A short while ago the hard-line Brexiteers of the European Research Group were expected to finally reveal their detailed plan. The group of some 80 Tory MPs, led by the ubiquitous Jacob Rees-Mogg, was going to publish “a Brexit plan to rival Theresa May’s”.
Some in the Prime Minister’s camp feared that it would be “the final nail in the coffin” for her Chequers proposal. But in the event, the ERG’s plan B never materialised. The group’s fractious MPs were unable to agree on a united vision. Insiders revealed that the blueprint had been shelved over concerns about its “accuracy and eccentricity”: it included some off-the-wall ideas, such as a plan to build a Star Wars-style missile shield to protect Britain from nuclear attack, and an expeditionary force to defend the Falklands. “The truth is that we reconsidered,” said Rees-Mogg.
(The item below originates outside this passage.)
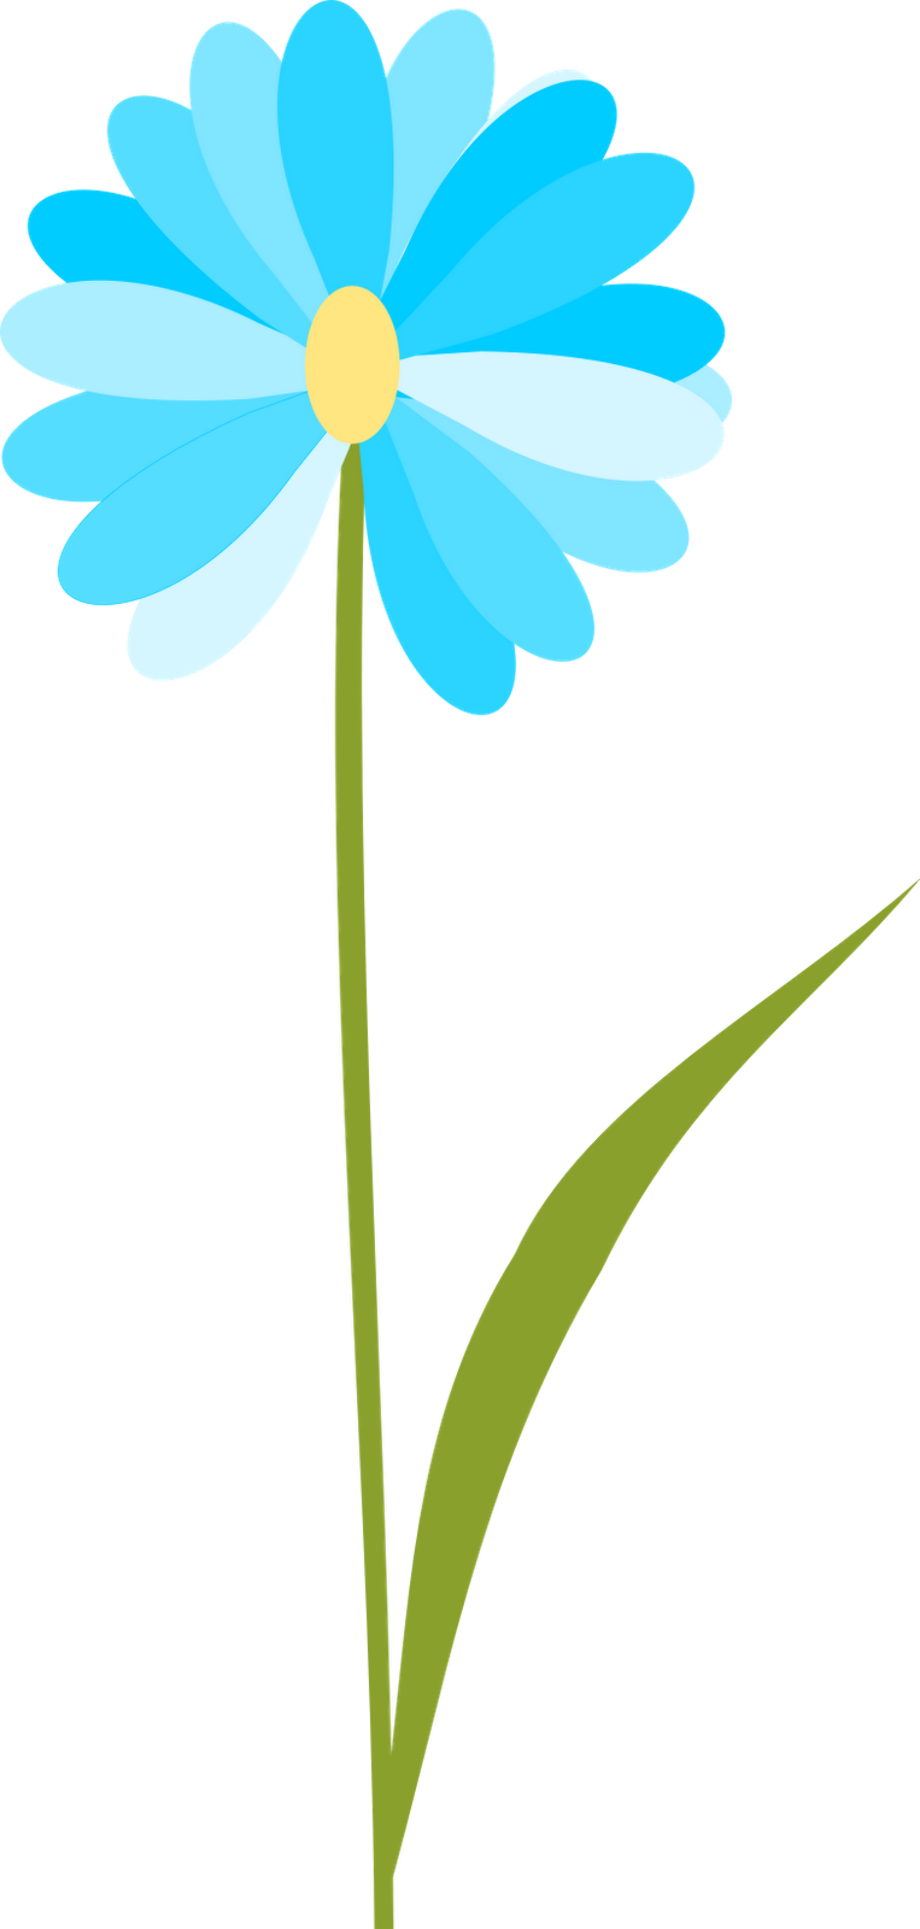 daisy clipart turquoise

So instead, the ERG pushed ahead with a series of smaller announcements. First, they confidently asserted that a no-deal Brexit would leave Britain better off. According to a report by the pro-Brexit group Economists for Free Trade, far from unleashing doom, a no-deal would result “in a £1.1 trillion boost to the economy over 15 years” (how, exactly? Ed. They have no idea). Rees-Mogg endorsed the report heartily, which was surprising. “To have any idea where the economy will be in 15 years is erroneous,” he harrumphed when the Treasury forecast in January that a no deal would cut growth by 8% in 15 years. The ERG later released its own plans for solving the sticky Irish border question. The Irish government called the plan “dreamland stuff”.
Rees-Mogg and friends have had ample time to research their proposals. Yet with only a few months to spare, they have come up with a prospectus that is embarrassing. Their plans are studded with basic mistakes: they don’t seem to grasp, for instance, that the EU simply cannot give the UK access to the single market on the basis of a vague promise that our product standards will be equivalent.
It’s clear now that the ERG does “not deserve to be taken seriously”. Hopefully the whiplash from the recent car crash will jolt most of them to their senses “after a summer spent huffing and puffing and threatening to blow Chequers down”. The rebels have had their chance and they’ve fluffed it. Now they can only save face by abandoning their fantasies and accepting that a Chequers-style deal is inevitable. (from The Guardian, The Spectator, The Times & Daily Telegraph).
How do these closns get elected? They help blow up the United Kingdom in a xenophobic fit, but haven’t the intellect to study the problem and come up with grown-up ideas. It makes a farce of democracy. Where did all the grown-ups go? (Hint: not to the United States).